Except in this game, I separated loyalty from awesomeness and seldom played with them.

Out of the 12 teams, there was only two real choices in a game that offered two pass plays and two run plays each time, in which I would only use master half of them: The off-tackle run, and the all go pass.

The team I would pick would be the Chicago Bears. Why? Because it had the best player in the game, Walter Payton. He was fast as hell and could rarely be stopped. If he got out in the open, watch out because he was going to take it to the house (and make a ton of players miss) For the pass play, I would roll back and off to the side and throw a bomb down the sideline every time, without seeing the receiver at all. The game had this little highlighted flag at the edge of the screen that told you approximately where the receiver was and you had to have faith to let your players make a play.

That’s what playmakers do.

On the season mode, I would beat it pretty easily. I think I beat the game with half the teams, including the Washington Redskins just to see if I could do it.

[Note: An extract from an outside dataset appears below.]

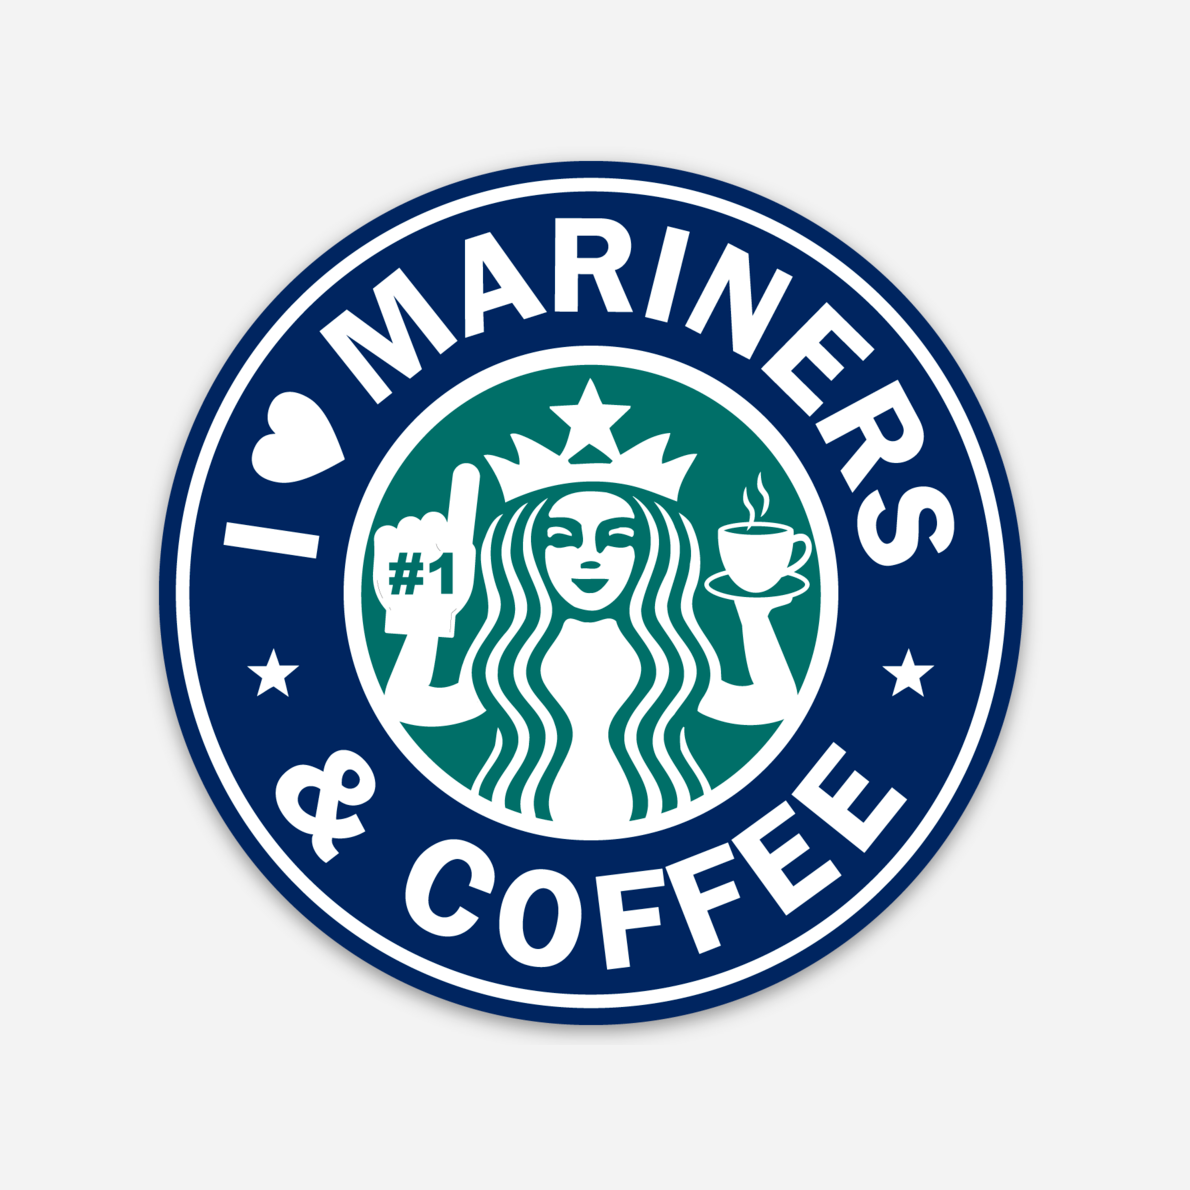 Mariners & Coffee

The real rivalry, was when I played my father. He used the only team that could really rival the Bears, the Raiders. You see, if you couldn’t play Techmo Bowl with Walter Payton, you would play with Bo Jackson. He was fast a hell too.

I don’t remember the final tally of who won the most. Most of the games would come down to the final possession, or one rare interception from one of my throws … because I’m sure even my father figured out that I ran only two plays in my offensive playbook. It was essentially a 50/50 guess each time.

It was awesome and fun, and I hope to find another copy of it someday.